Suppose you have a large mortgage, you are paying off your car and you have $30,000 hanging on your credit card. In other words, you are up to your ear tips in debt. Would it be economically prudent to take on some more?

If you are about to jump from your chair and exclaim "Noooo!", hold your horses and give it a little thought. There is actually good debt and bad debt, and the answer really depends on what you are going to do with it. In the first scenario, you borrow money in order to put yourself in a position that will create a positive cash flow in the future. You could use your debt to increase your education level and pay for a tuition at a respectable college, or you could buy an equipment that would help you start a new business.
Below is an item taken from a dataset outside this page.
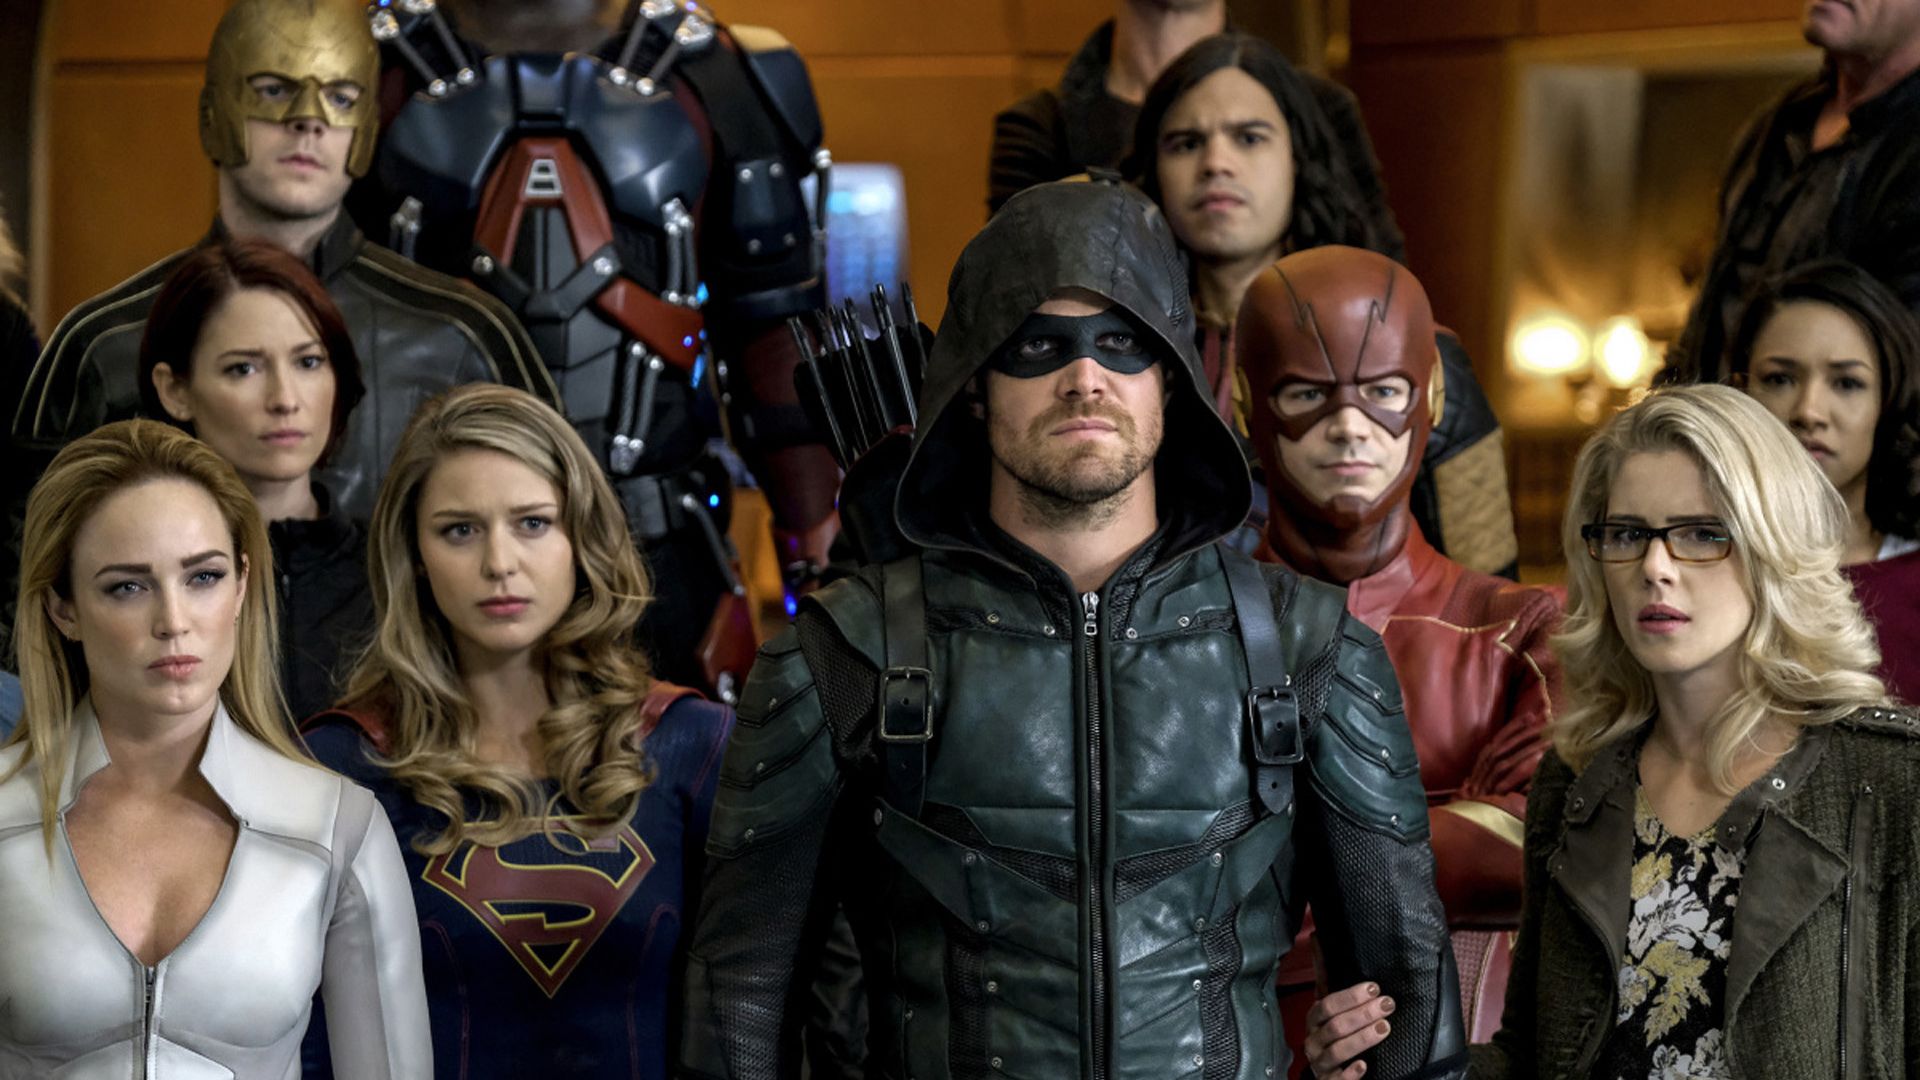 Desktop Wallpaper Supergirl, Arrow, The Flash, And Legends Of Tomorrow, Crossover, Tv Series, HD Image, Picture, Background, A1cbae
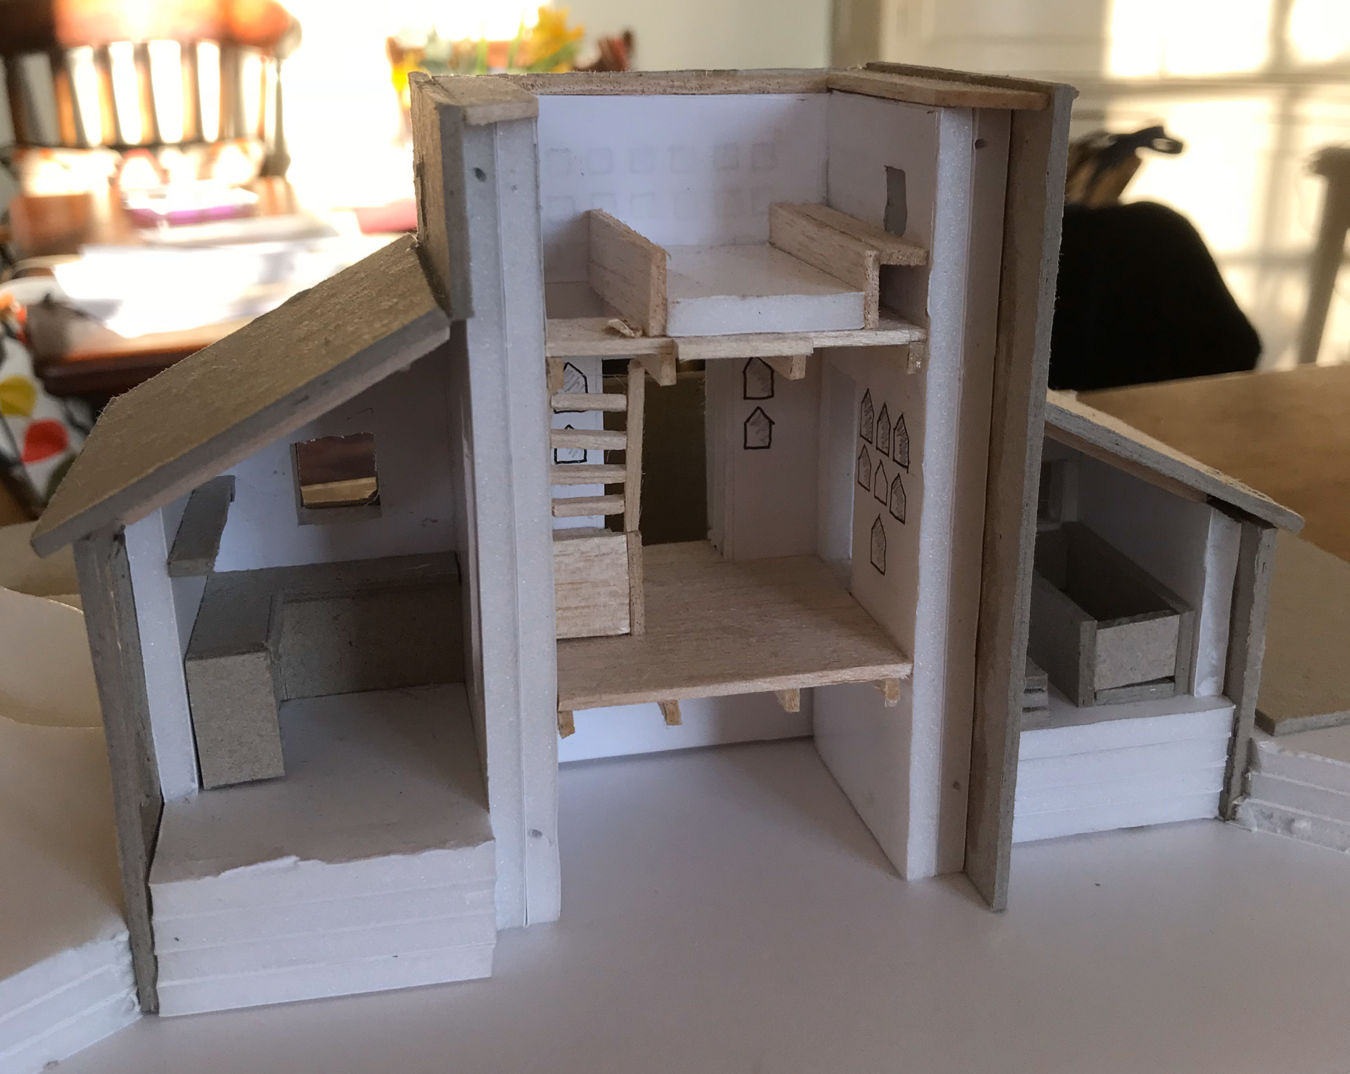 Architect model of the Dovecot at reeddsfor showing the interior space

If all went well, you would soon be able to make enough money to pay off all your debts. In the second scenario, you would use the new debt to merely help cover your living expenses, or worse to pay for some luxury items, like a plasma TV or a vacation in Bermuda. This kind of borrowing would clearly exacerbate your financial predicament and send you on the way to a bankruptcy spiral.

National finances, albeit operating on a scale several orders of magnitude larger, have to obey the same laws of economics, much like all material objects, whether the Earth or a snowball, have to obey the laws of physics. Going into debt may not be a bad thing if you know what you are doing. Republicans like to reminisce that Reagan proved that budget deficits don't matter and that a nation's borrowing power is virtually unlimited. But the reality is not that simple. Nations have to heed what the debt is used for as well, they just have much larger leeway in dealing with consequences.

Contrary to what the Greenspan/Bernanke school of thought would make you believe, money does not grow on trees. It is supposed to represent value. Just because Central Bank can create money out of thin air, does not mean that it can solve all our problems by dunking them in a vat of dough. Just ask Rudolf of Havenstein, one of the Weimar Republic's central bankers, who learned the hard way that you cannot have something for nothing. He controlled the German financial system in the early 1920s when runaway hyperinflation basically wiped out their currency. His undoubtedly good intentions eventually paved the political way for one Adolf Hitler. And we all know where the road paved with good intentions leads to.

In the past two years our national debt increased dramatically. That means it is about time for us to start paying very serious attention to how that money is being spent.

We could spend our financial resources on education grants to talented kids from poor neighborhoods, on laboratories developing new generations of materials that the world would love to buy, on upgrading our aging infrastructure (whether introducing fast trains or superconducting grids) to facilitate future economic activity or on reducing our energy needs and steering the whole industry towards alternative and green sources. That would be the good debt. But we could also spend the borrowed funds on supporting overgrown bureaucracies at all levels, on rectifying grave investment mistakes of private banks, on recapitalizing institutions hollowed out by their greedy and incompetent management, or on bankrolling unproductive pork barrel projects, such as building water pipelines to money losing golf courses or funding research of Icelandic Arctic Environment in Viking Era.(*)

(*) Both of these examples came from the recent stimulus bill. I understand that pork barrel projects serve as important bargaining chips in political maneuvering, but I think it would be entertaining to hear the legislators publicly explain how these projects will contribute to the nascent recovery.

At the end of the day, it is our choice how we use the money we borrow and that choice will determine our economic future. We can either educate our population, modernize the production lines and repay our debt with something of value, or we can follow in the footsteps of Rudolf von Havenstein and annihilate our economy by gradually monetizing our obligations (i.e. paying them off by printing more and more of an increasingly worthless currency).

The report card is not very impressive so far. I hope Paul Volcker will take a hard look at it.